Sorti en 2022 après des années d’attente, ce reboot de la saga culte des années 2000 s’est transformé en désastre critique et commercial : **6,1 millions de dollars de recettes mondiales**, un **0% sur Rotten Tomatoes**, et des fans ulcérés. Entre un Creeper privé de sa terreur légendaire, des **effets spéciaux dignes d’un téléfilm des années 90**, et un **scénario aussi prévisible qu’un épisode de série Z**, le film de Timo Vuorensola a non seulement trahi l’esprit de la franchise, mais aussi prouvé qu’une **bonne idée originale** ne suffit pas à sauver un projet mal exécuté. Pourtant, derrière ce fiasco se cache une question intrigante : comment une licence aussi forte a-t-elle pu produire un résultat aussi **désastreusement raté** ?A retenir :
- 0% sur Rotten Tomatoes et 6,1M$ de recettes : l’un des pires scores pour un film d’horreur moderne, malgré un héritage culte.
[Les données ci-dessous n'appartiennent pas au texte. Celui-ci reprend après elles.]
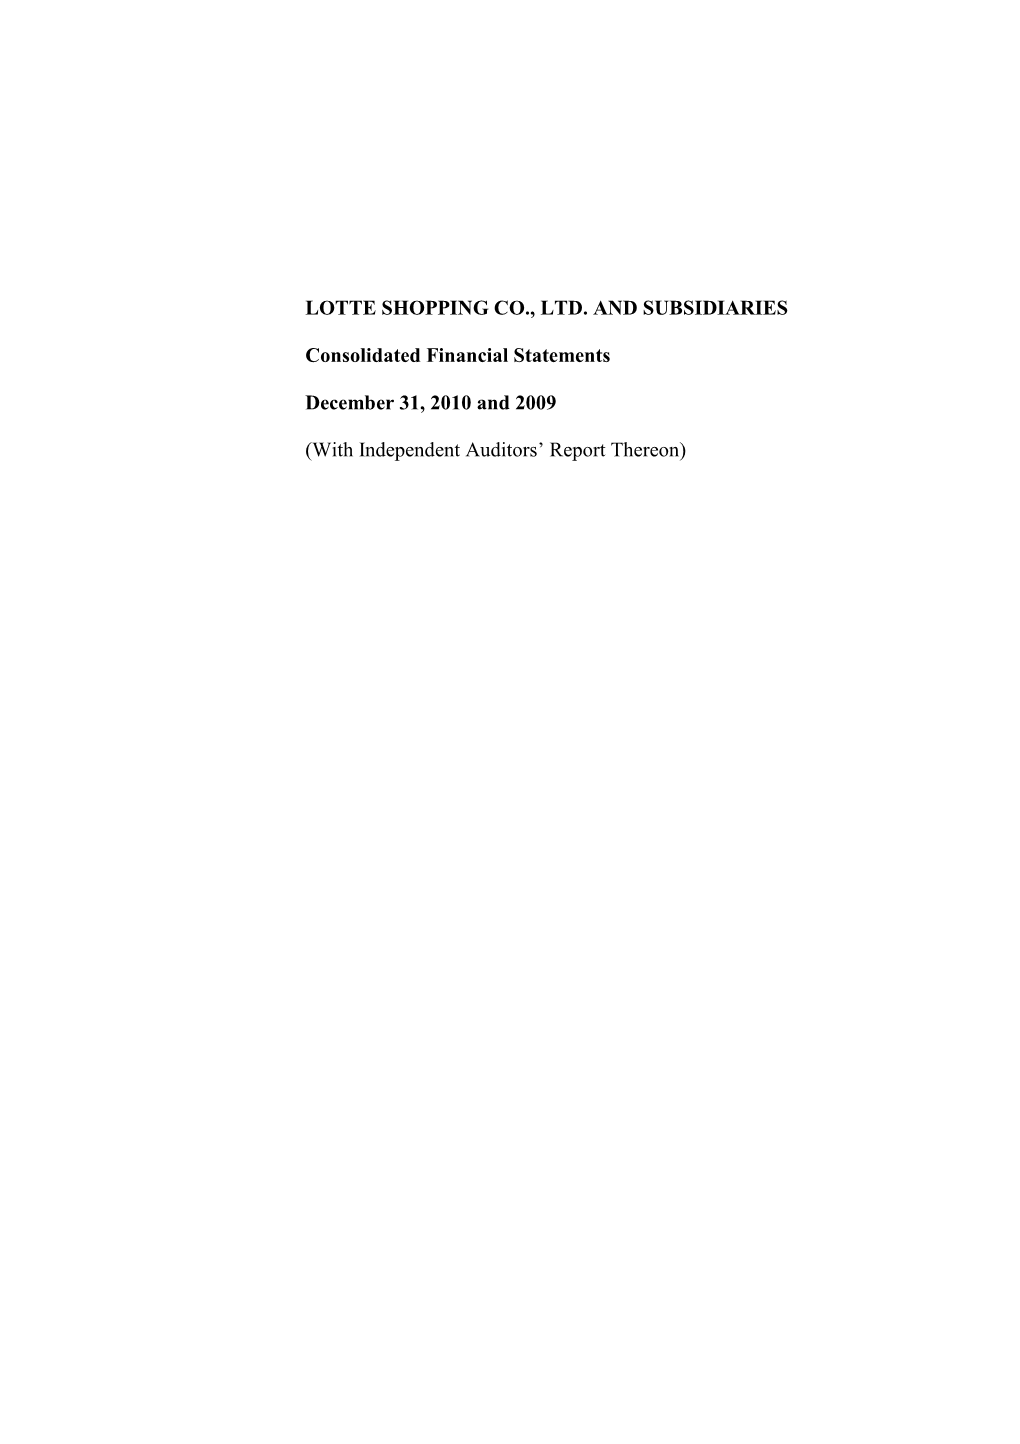 LOTTE SHOPPING CO., LTD. and SUBSIDIARIES Consolidated
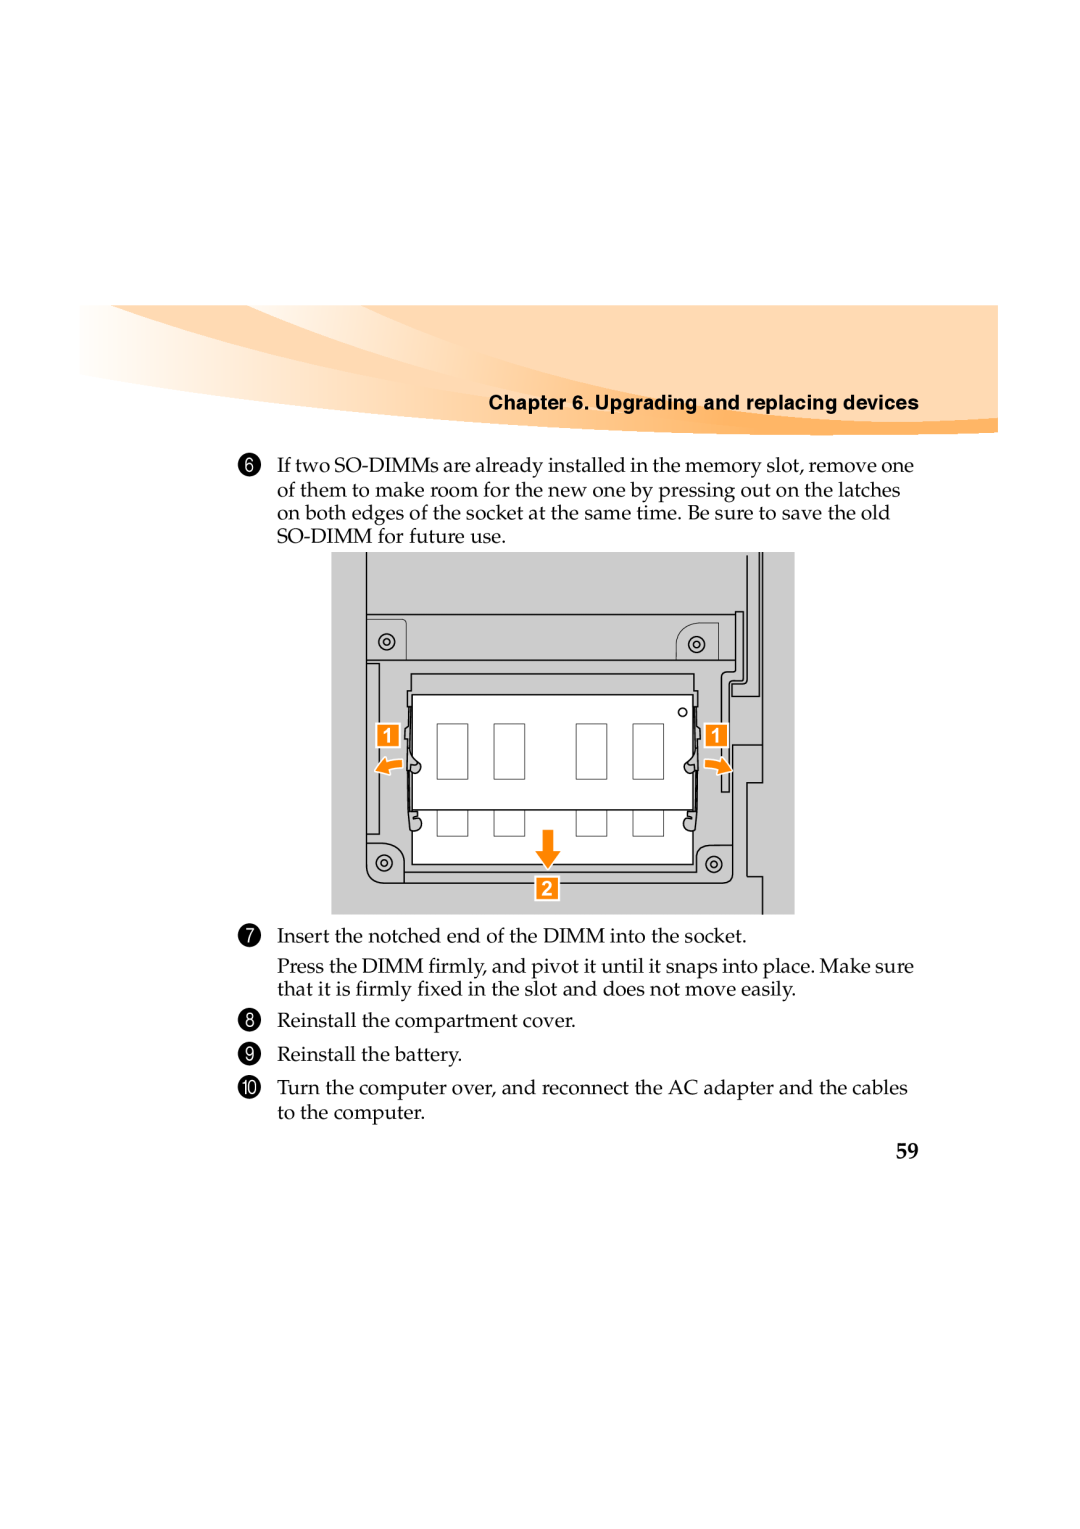 Lenovo Y460 manual Upgrading and replacing devices, Insert the notched end of the DIMM into the socket

- Le Creeper, monstre iconique, réduit à un design **cheap** et des effets numériques **datés**, sans la moindre once de la terreur des originaux.
- Un **scénario décousu** qui recycle les clichés du genre sans jamais créer de tension, avec des personnages **sans épaisseur** et des dialogues **ridicules**.
- Des **acteurs en pilotage automatique**, y compris Sydney Craven, incapable de sauver un film où même les vétérans comme Peter Brooke semblent perdus.
- Une **ambiance rurale** qui tombe à plat, loin de l’Amérique angoissante des premiers films, avec une **bande-son générique** remplaçant la mythique chanson.
- Comparaison cruelle : des films low-cost comme The Ritual (Netflix) prouvent qu’avec **10 fois moins de budget**, on peut faire 100 fois plus peur.
- Un **gaspillage** pour les fans, qui attendaient un retour aux sources, et se retrouvent avec un **film oubliable** en moins de 24h.
Un box-office catastrophique et une réputation en lambeaux
En septembre 2022, Jeepers Creepers: Reborn débarquait sur les écrans avec une mission impossible : **ressusciter une franchise endormie depuis 2003**, tout en effaçant les controverses liées à son créateur original, Victor Salva (condamné pour abus sur mineur dans les années 90). Las, le film de Timo Vuorensola – connu pour des comédies SF comme Iron Sky – n’aura même pas eu le temps de devenir un **nanar culte**. Avec **6,1 millions de dollars de recettes mondiales** (pour un budget estimé à 15M$), et un **0% sur Rotten Tomatoes** (7% côté public, ce qui est presque pire), le long-métrage a rejoint le panthéon des **flops les plus humiliants du cinéma d’horreur**.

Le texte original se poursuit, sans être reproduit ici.